Porting the Software to ARM
- Honeycomb had to produce build artifacts for the ARM architecture, which required changes to their CI tooling.
- The use of the Go programming language made the porting process relatively straightforward, as it supported multiple architectures.
- However, they encountered some challenges with building Docker images on non-native architectures, which required the use of QEMU.
A/B Testing and Rollout Strategy
- Honeycomb conducted A/B testing to compare the performance and cost-effectiveness of Graviton instances.
- They focused on factors such as correct results, latency, throughput, and the ability to scale down instances.
- Honeycomb also considered hidden risks, such as the ability to roll back changes and the impact on their developers.
- Honeycomb started the migration in their "dog food" environment, a staging environment that uses their own software, before rolling it out to production.
Scaling the Migration to Kubernetes and Beyond
- Honeycomb migrated to using Kubernetes (EKS) for their scale-out workloads, taking advantage of Graviton support in EKS.
- They found that maintaining homogeneity in their Kubernetes clusters, using the same Graviton generation, was crucial for predictable performance and autoscaling.

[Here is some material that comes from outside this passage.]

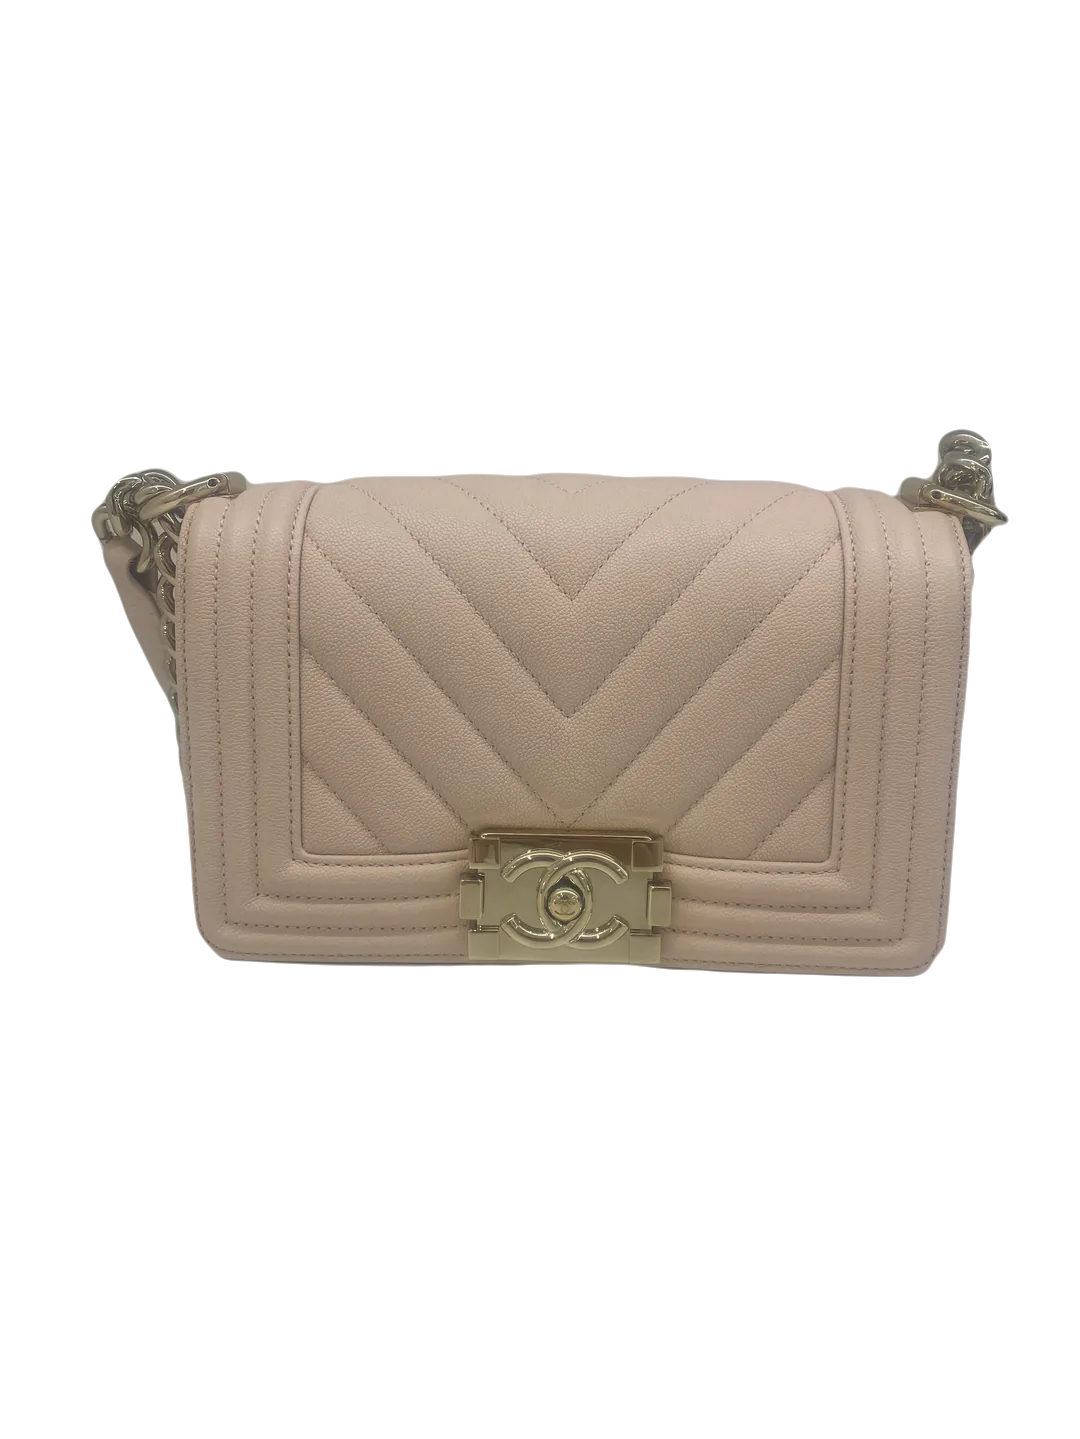 Chanel Small Boy Bag Light Pink - SOLD

- Honeycomb also migrated their stateful workloads, such as Kafka brokers and their indexing engine, to Graviton instances, achieving significant performance and cost improvements.
- For their serverless workloads, Honeycomb leveraged AWS Lambda with Graviton, encountering some initial challenges but ultimately realizing substantial cost savings.
Results and Lessons Learned
- Honeycomb has achieved a 2.2x price-performance improvement over the past 5 years, while scaling their infrastructure by 20x and only increasing their AWS bill by 13x.
- They have seen rock-solid reliability and stability in their Graviton-powered infrastructure, with consistent performance improvements with each new Graviton generation.
- Honeycomb's key lessons include:
- Set clear goals and measure the impact of the migration.
- Mitigate risks by defining success criteria and having a rollback plan.
- Consider the impact on your team's bandwidth and the long-term viability of the architecture.
- Prioritize homogeneity in your infrastructure for predictable performance.
- Leverage the latest Graviton generations to maximize cost and performance benefits.
Resources and Next Steps
- Honeycomb has published a book, "Observability Engineering," that covers their work on efficient data storage, including their Graviton migration.
- The author, Liz Fong-Jones, can be reached on LinkedIn and at her Blu Sky account for further discussions on this topic.